Leider hat diese Art in den letzten jahren hier zunehmend an Einfluss gewohnen und zieht sich auch hinein bis in die Politik: Wer keine Zuwanderung möchte ist Rassist. Wer keine 2,50 Euro für den Liter Sprit bezahlen möchte, ist ein Umweltverschmutzer. Wer nicht gegen die USA demonstriert, ist ein Kriegstreiber. Wo diese Klientel ihre politischen Wurzeln hat, braucht man glaube ich anhand dieser Themen nicht weiter erläutern, Politik soll aber auch nicht das Thema sein, sondern vielmehr Ideologie. Diese Truppe hat das Ganze leider nur perfektioniert und bis ins Extrem getrieben und dabei leider Ideologie mit Idiotie verwechselt. Beides jedoch kann gefährlich sein. 

Und wie man sieht, scheut man sich auch nicht vor Verleumndung und Falschaussage, wenn man seine Ideologie (oder eben Idiotie) vertreten und verbreiten möchte. 

Dagegen halten ist die Devise. Sie zieren ihre Seiten mit Promis. Vielleicht sollte man den promis im Gegenzug mal die methoden zukommen lassen, derer sie sich bedienen.


----------



## jeracom (14. November 2005)

*AW: Kommentare zu: "Pressemeldung: Peta zeigt Angler an"*

Moin Moin.

Nicht Aufregen. Die Leute sind alle nur Wölfe in Schafspelzen.

Schaut mal hier hin:

http://www.oekologismus.de/index.php/archives/2005/06/17/peta-mitarbeiter-wegen-tiermisshandlungen-verhaftet/

und vor allem :

http://www.oekologismus.de/index.php/archives/2005/05/31/peta-totet-tausende-hunde-und-katzen/

Gibt noch mehr Dokus davon.
Die Leute die für die p*ta spenden, sind einem, denke ich " sehr großen Betrug" seitens der peta verfallen.
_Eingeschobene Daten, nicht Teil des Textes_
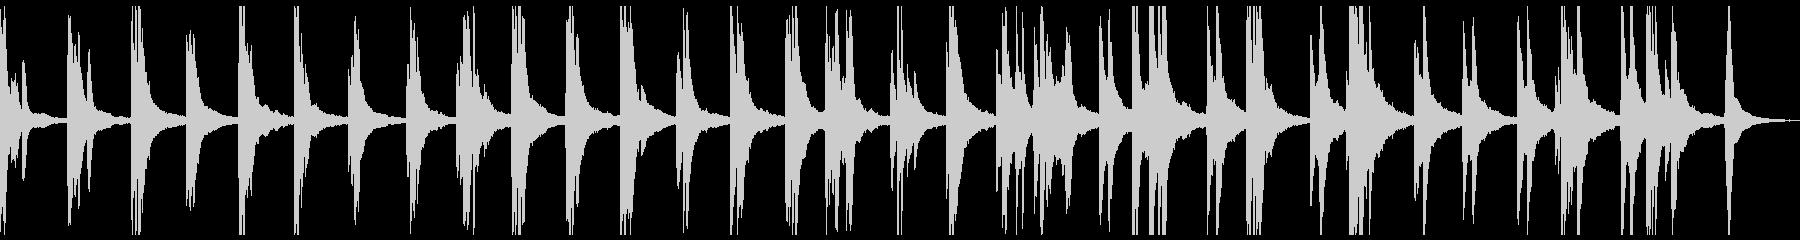 物悲しいソロピアノ曲 情緒的、切ないの未再生の波形
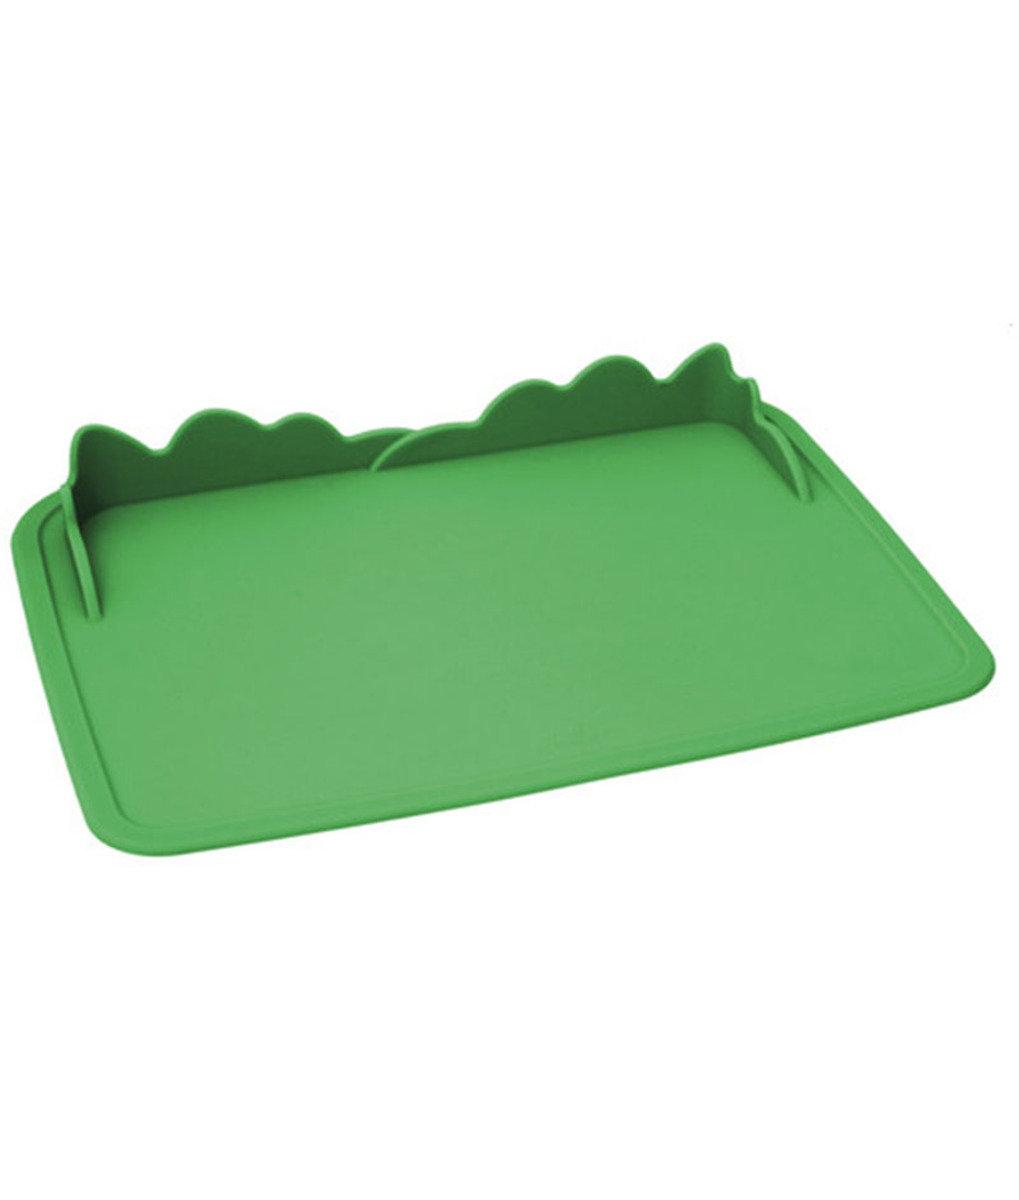 美國紐約My Natural™純天然有機餐墊 - 綠色

Ausen Hui innen Pfui. Wenn dann die Leute unbedingt diesen "Leuten" das Geld in den Rachen werfen wollen, damit diese einen besseren Lebenstandart haben. Bitte. Die wollen ja sicherlich auch mal ein Pelz tragen, den sie sicherlich ohne Spenden nie bekommen hätte.

Gut ist auch :
http://www.petakillsanimals.com/


----------



## jeracom (14. November 2005)

*AW: Kommentare zu: "Pressemeldung: Peta zeigt Angler an"*

Auch nett :

http://www.petakillsanimals.com/petaHazMat.cfm


----------



## Torskfisk (14. November 2005)

*AW: Kommentare zu: "Pressemeldung: Peta zeigt Angler an"*

Nach ausführlichem Studium der Beiträge und Querverweise, Links etc. (Stöhn)|kopfkrat bleibt unter dem Strich eigentlich nur, dass WIR Angler eine Tierschutzorganosation sind und nicht PeTA.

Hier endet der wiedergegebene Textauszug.